● Supplied information:
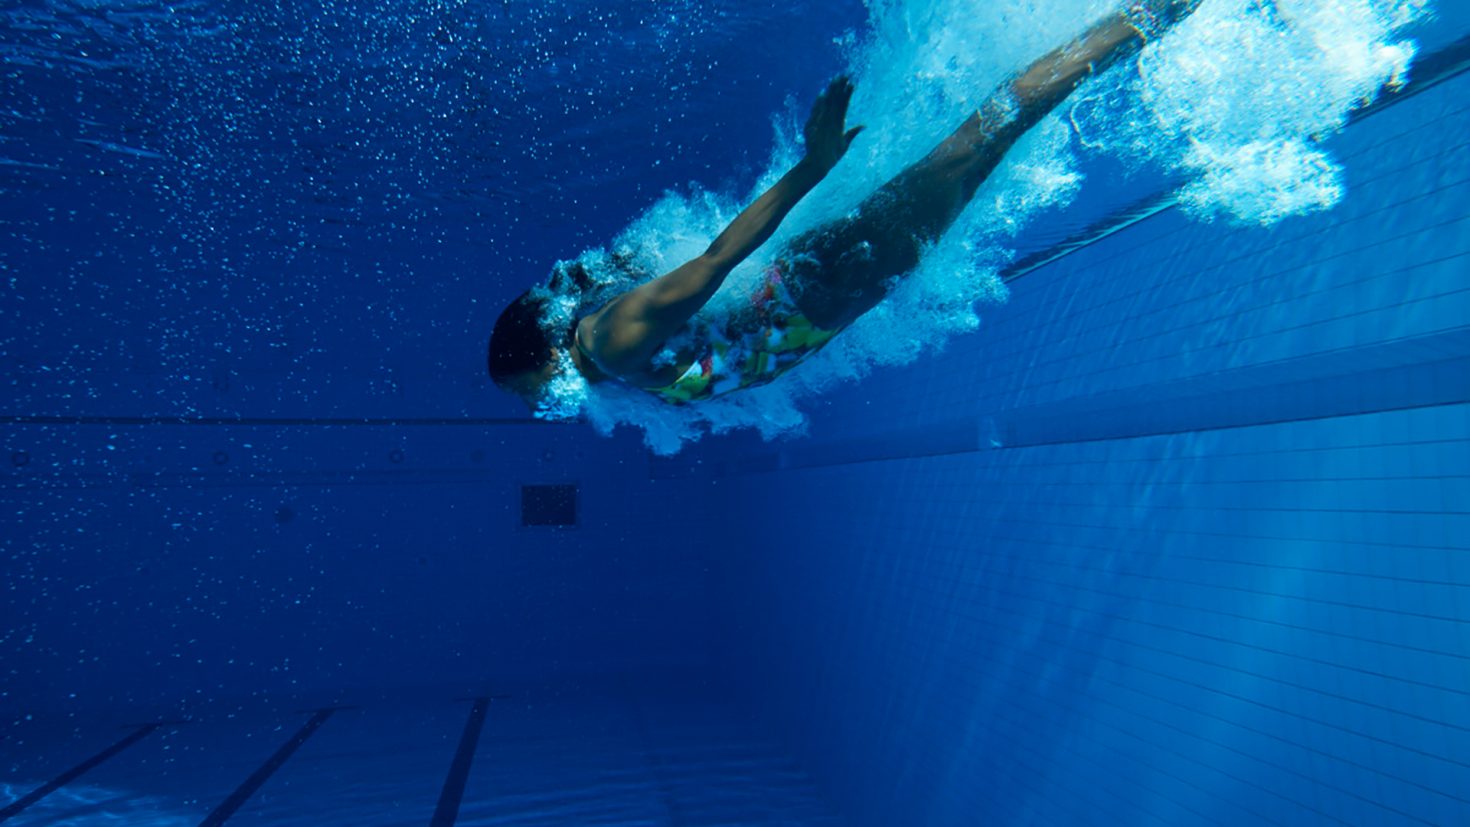 Underwater swimmer
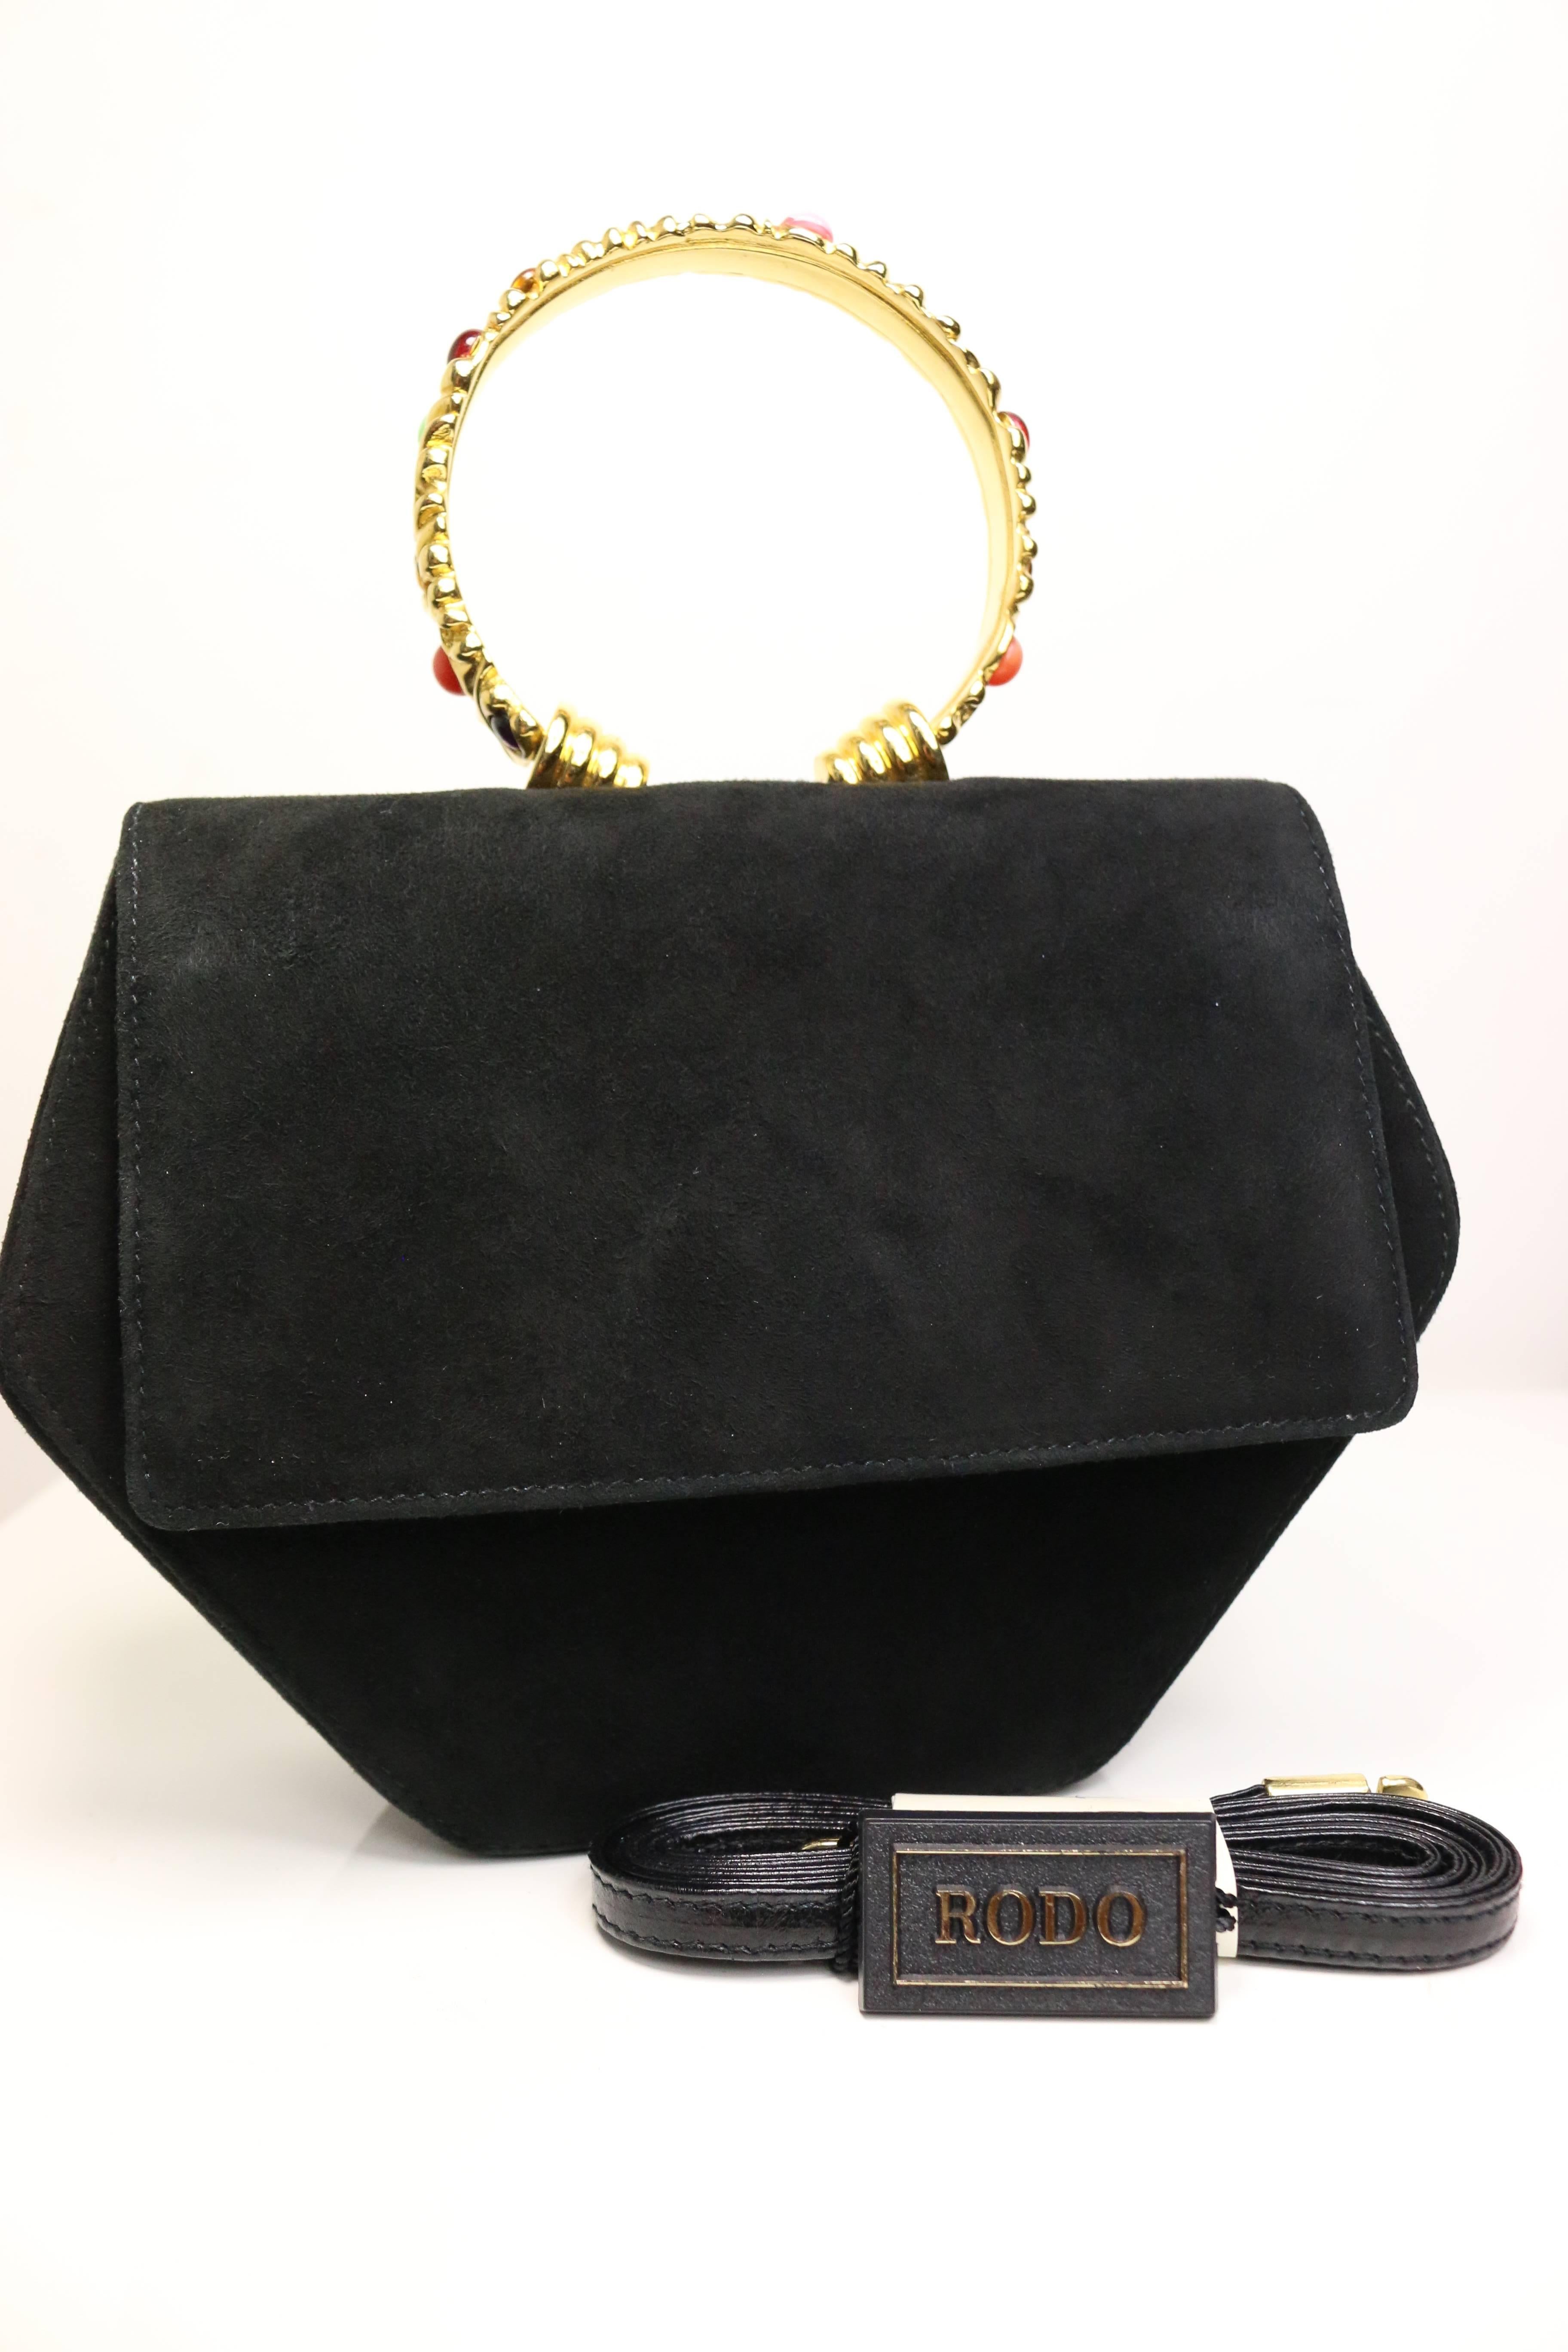 Rodo Black Suede Gold Toned Handle Octagon Handbag with Strap  2
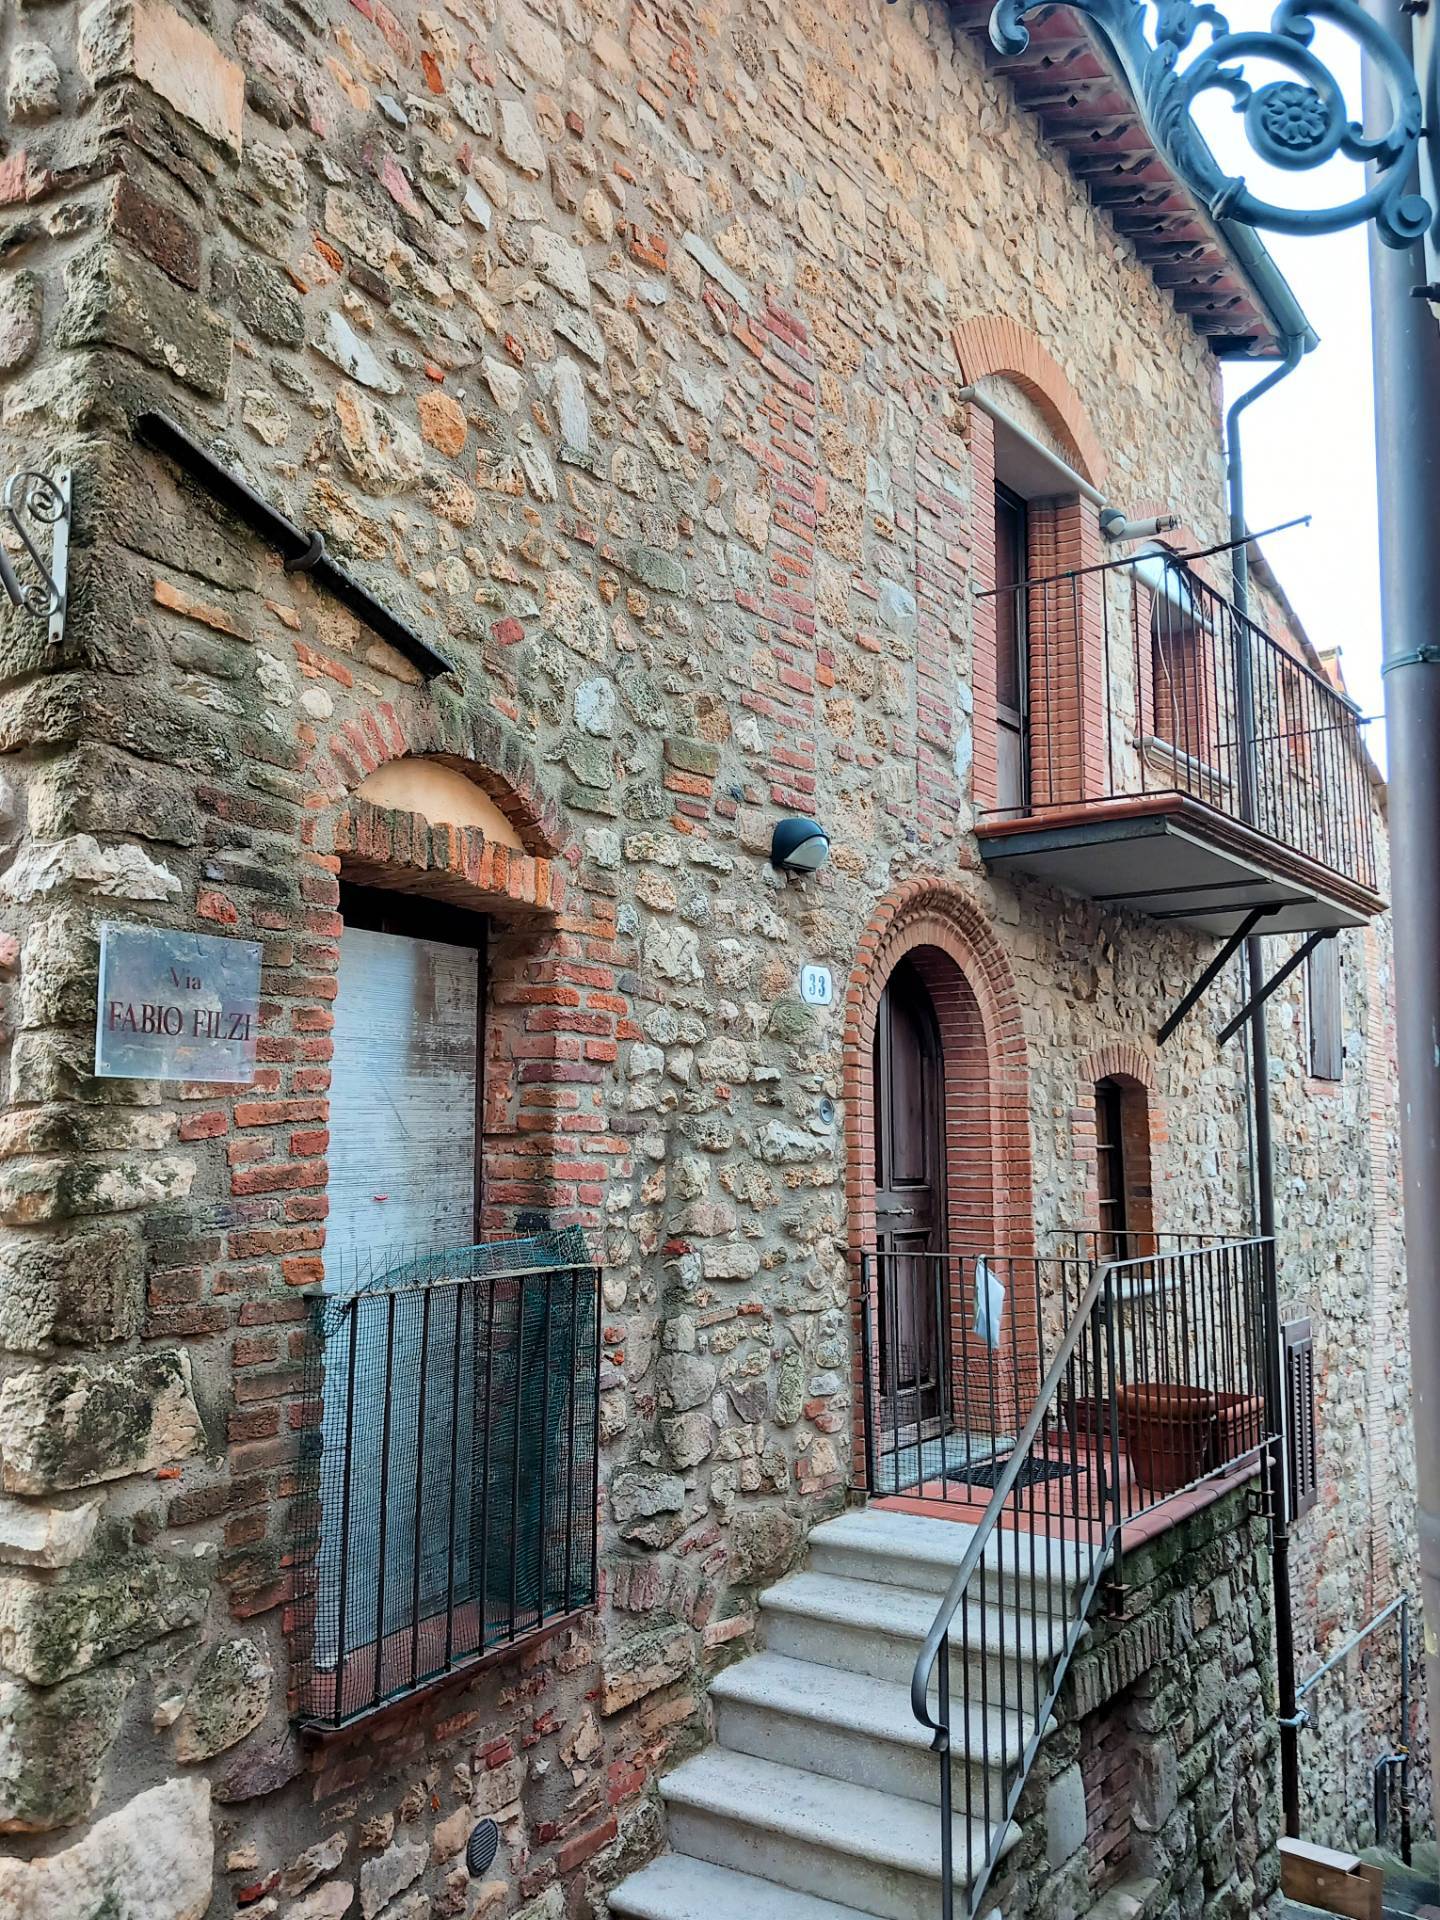 1369-Terratetto in stile rustico Toscano ristrutturato-Gavorrano-1 Agenzia Immobiliare ASIP

● Exercise requirements:
Set down the line containing "Rodo Black Suede" and every line after it up to the end of the material, exactly as written, but not the pictures.

● Answer space:
 Rodo Black Suede Gold Toned Handle Octagon Handbag with Strap  2
 1369-Terratetto in stile rustico Toscano ristrutturato-Gavorrano-1 Agenzia Immobiliare ASIP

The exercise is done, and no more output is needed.